An R package offering classical (bottom-up and top-down), and modern (optimal and heuristic combination) forecast reconciliation procedures for cross-sectional, temporal, and cross-temporal linearly constrained time series.

Details

The FoReco package is designed for forecast reconciliation, a post-forecasting process aimed to improve the accuracy of the base forecasts for a system of linearly constrained (e.g. hierarchical/grouped) time series. The main functions are:

htsrec():

cross-sectional (contemporaneous) forecast reconciliation.

thfrec():

forecast reconciliation for a single time series through temporal hierarchies.

lccrec():

level conditional forecast reconciliation for genuine hierarchical/grouped time series.

tdrec():

top-down (cross-sectional, temporal, cross-temporal) forecast reconciliation for genuine hierarchical/grouped time series.

ctbu():

bottom-up cross-temporal forecast reconciliation.

tcsrec():

heuristic first-temporal-then-cross-sectional cross-temporal forecast reconciliation.

cstrec():

heuristic first-cross-sectional-then-temporal cross-temporal forecast reconciliation.

iterec():

heuristic iterative cross-temporal forecast reconciliation.

octrec():

optimal combination cross-temporal forecast reconciliation.

References

Di Fonzo, T., and Girolimetto, D. (2023), Cross-temporal forecast reconciliation: Optimal combination method and heuristic alternatives, International Journal of Forecasting, 39(1), 39-57 doi:10.1016/j.ijforecast.2021.08.004 .

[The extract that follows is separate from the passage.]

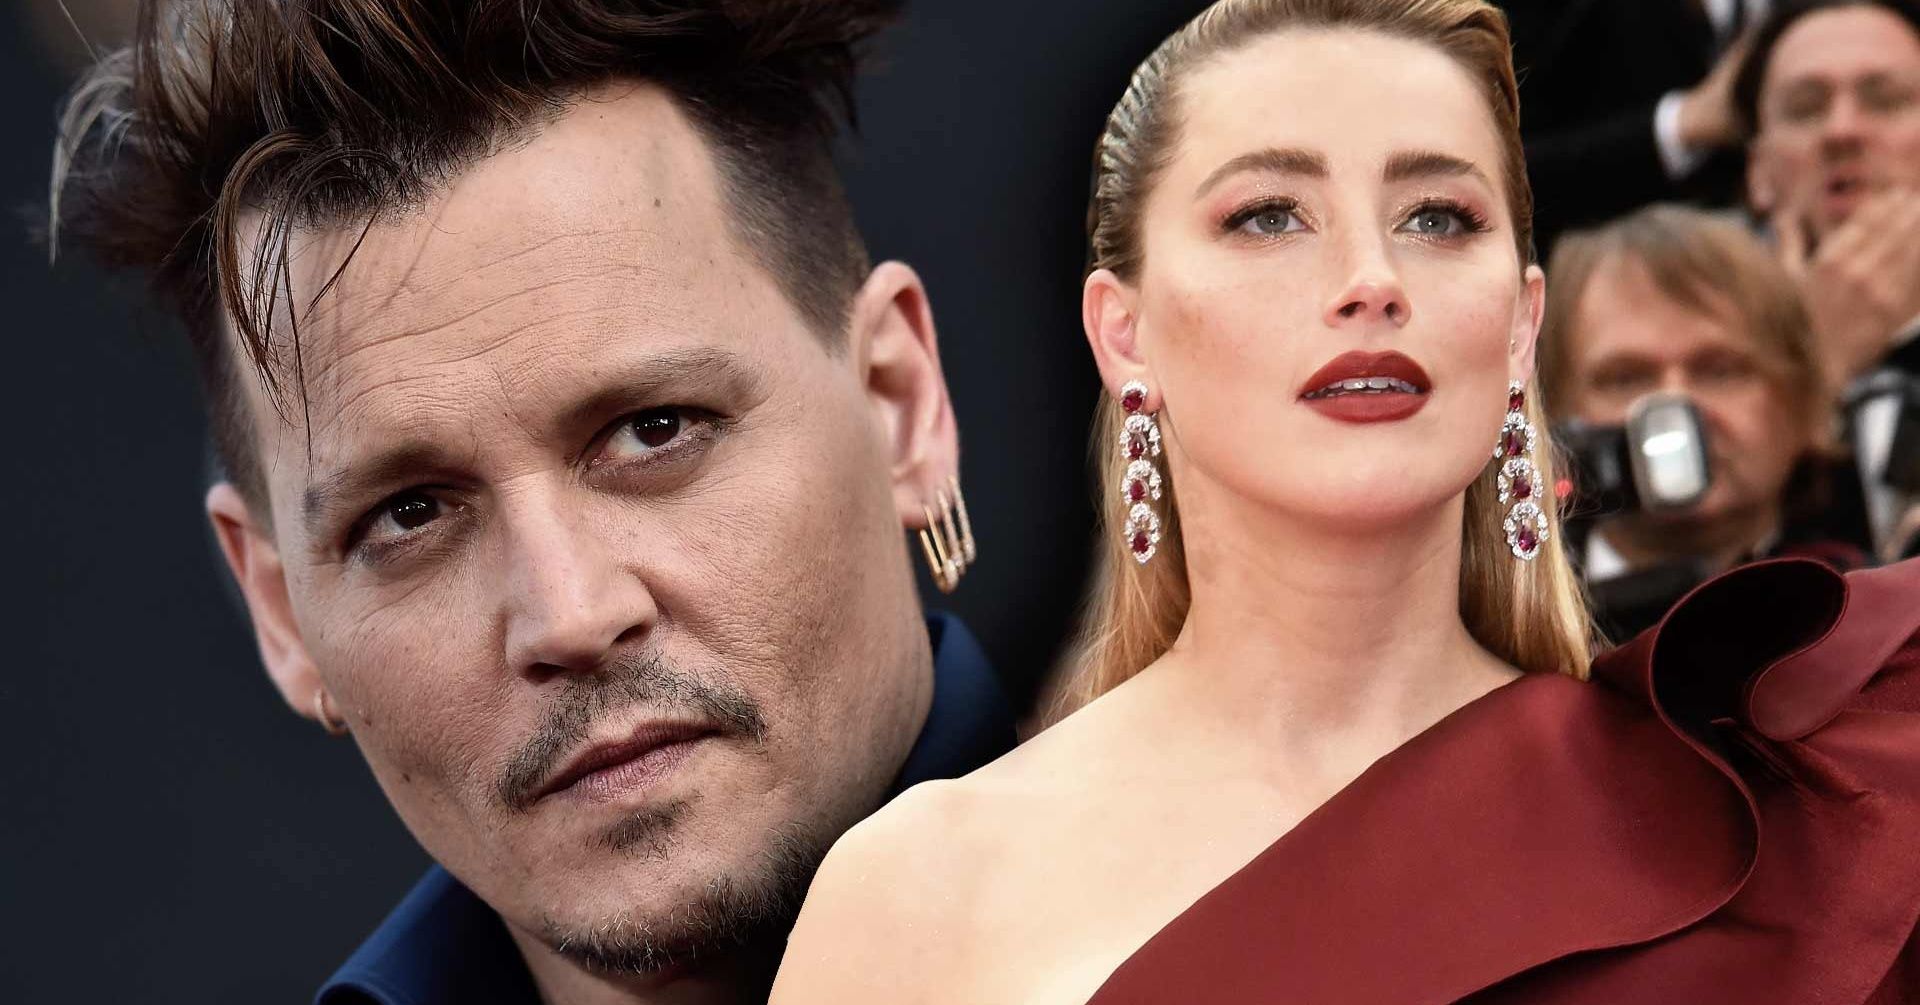 Johnny Depp And Amber Heard Going To Trial In Defamation Case

Di Fonzo, T., Girolimetto, D. (2022), Forecast combination based forecast reconciliation: insights and extensions, International Journal of Forecasting, in press.

Girolimetto, D., Athanasopoulos, G., Di Fonzo, T., and Hyndman, R. J. (2023), Cross-temporal Probabilistic Forecast Reconciliation, doi:10.48550/arXiv.2303.17277 .

Author

Tommaso Di Fonzo and Daniele Girolimetto, Department of Statistical Sciences, University of Padua (Italy).